Pengaturan perlindungan akses usaha pelaku usaha kecil ini dapat kita lihat dalam: pertama, tujuan pembentukan UUNo.5/1999 yang menggariskan terwujudnya iklim usaha yang kondusif melalui pengaturan persaingan usaha yang sehat sehingga menjamin adanya kepastian kesempatan berusaha yang sama bagi pelaku usaha besar, pelaku usaha menengah dan pelaku usaha kecil (vide pasal 3 b).  Artinya, UU menghendaki adanya kebijakan persaingan usaha yang secara sistematis mempertahankan kesempatan berusaha yang sama antara pelaku usaha besar, menengah dan kecil ini.

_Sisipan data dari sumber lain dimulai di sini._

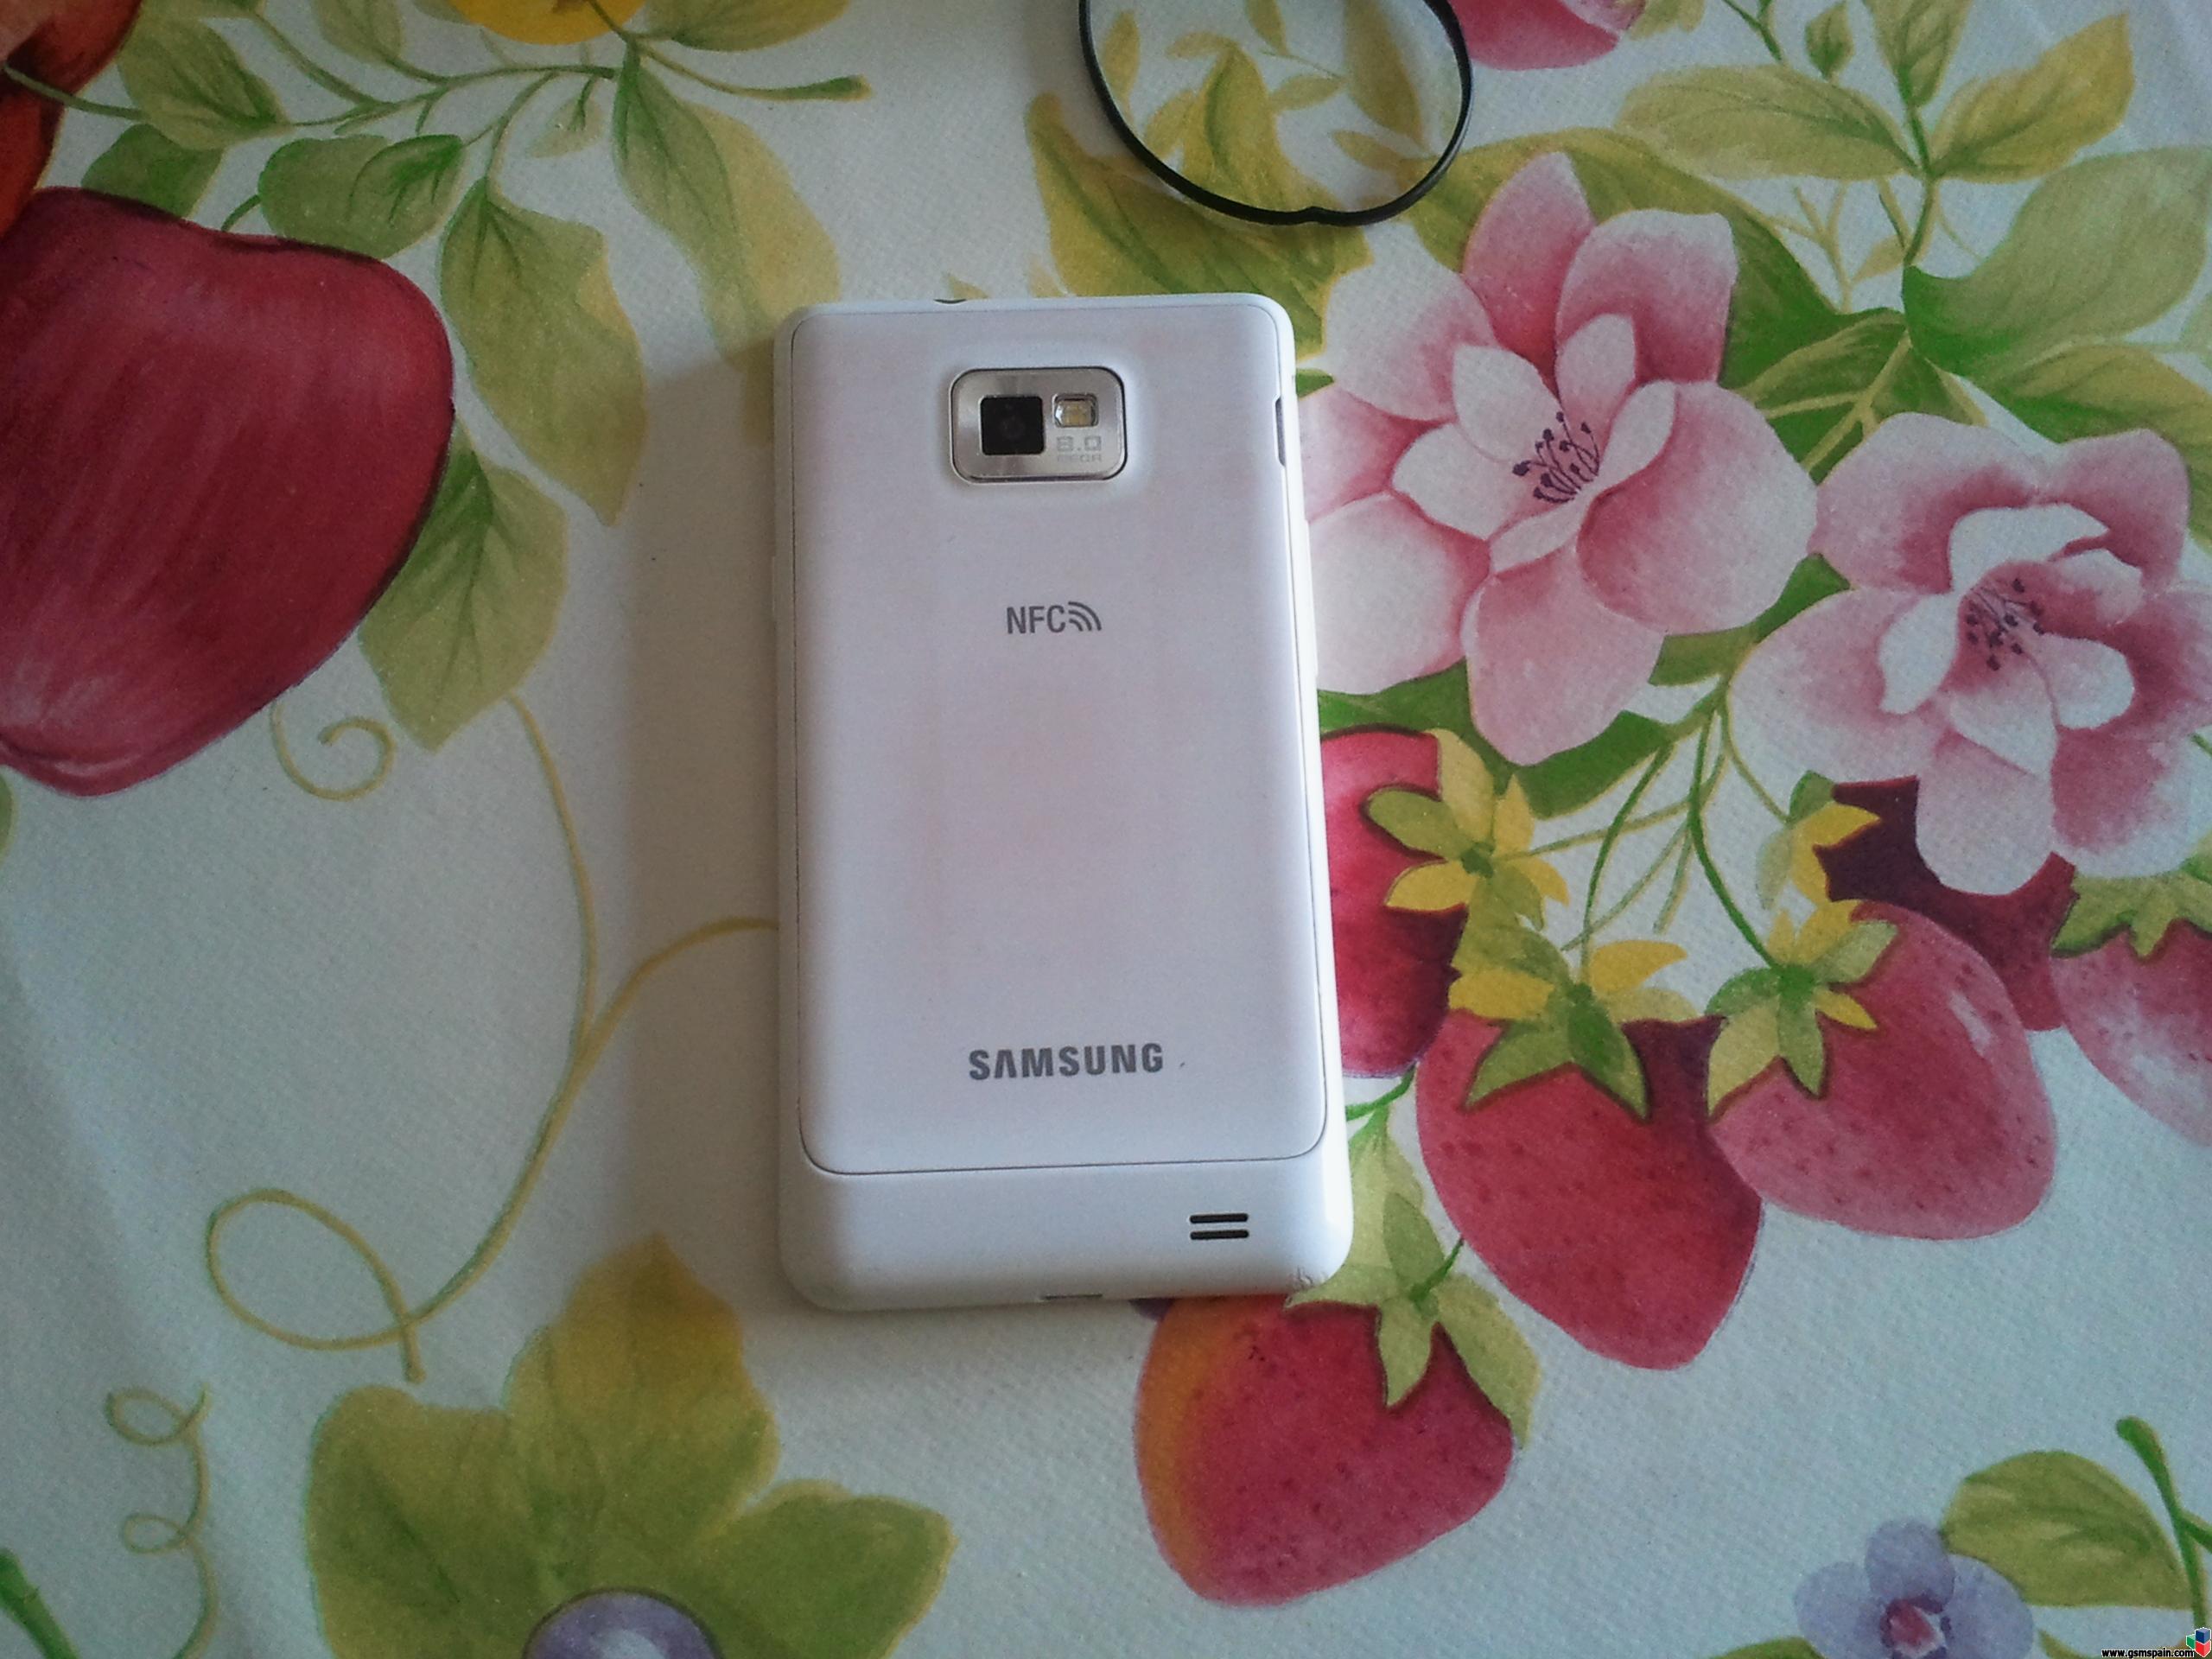 [VENDO] URGENTE, Vendo Samsung Galaxy S 2, Blanco con NFC 16GB muy barato.

Hal yang dari sudut penegakan hukum menjadi tugas KPPU dan dari sudut kebijakan menjadi tugas regulator dalam hal ini Pemerintah untuk mewujudkannya.
Bentuk perlindungan akses ini adalah kesadaran dari legislative untuk memberikan pengecualian bagi pelaku usaha kecil dari penerapan UU sebagaimana diatur pasal 51 huruf h.). Dengan demikian, larangan dan sanksi dalam UU ini tidak berlaku bagi pelaku usaha yang tergolong dalam usaha kecil. Dengan penafsiran sistematis, definisi usaha kecil ini dapat diketahui dari UU Nomor 20 Tahun 2008 tentang Usaha Kecil, Mikro dan Menengah (UU UKM). UU ini menentukan bahwa usaha kecil adalah usaha ekonomi produktif yang berdiri sendiri, yang dilakukan oleh orang perorangan atau badan usaha yang bukan merupakan anak perusahaan atau bukan cabang perusahaan yang dimiliki, dikuasai, atau menjadi bagian baik langsung maupun tidak langsung dari Usaha Menengah atau Usaha Besar dengan kekayaan bersih di luar tanah dan bangunan lebih dari Rp50.000.000,00 (lima puluh juta rupiah) sampai dengan paling banyak Rp500.000.000,00 (lima ratus juta rupiah) tidak termasuk tanah dan bangunan tempat usaha; atau b. memiliki memiliki hasil penjualan tahunan lebih dari Rp300.000.000,00 (tiga ratus juta rupiah) sampai dengan paling banyak Rp2.500.000.000,00 (dua milyar lima ratus juta rupiah).
Dengan pengecualian ini, Legislatif nampaknya berharap ada kesempatan bagi pelaku usaha kecil mengembangkan diri untuk tidal kalah berkompetisi atau setidaknya kesempatan usaha yang sama dengan pelaku usaha menengah dan besar. Dalam penerapan hukum, KPPU memiliki visi yang sama dengan pertimbangan Legialtif ini. Hal ini terlihat dari komitmen KPPU dalam mengawasi tender khususnya dalam pengadaan barang dan jasa pemerintah. Dalam arti jika terdapat kebijakan khusus dari pemerintah melalui Peraturan Presiden No. 70 Tahun 2012 tentang perubahan kedua atas Perpres No.54 tahun 2010 tentang Pengadaan barang/jasa Pemerintah yang secara khusus mengalokasikan suatu proyek untuk UKM, namun ternyata dalam prakteknya dimenangkan oleh pelaku usaha non UKM maka KPPU akan menilainya sebagai salah satu indikasi kuat telah terjadinya persekongkolan tender sebagaimana yang dilarang Pasal 22 UU No. 5 Tahun 1999. Hal ini sebagai bentuk pengawalan dan jaminan KPPU atas kesempatan usaha pelaku usaha kecil sebagaimana diperintahkan UU No.5/1999.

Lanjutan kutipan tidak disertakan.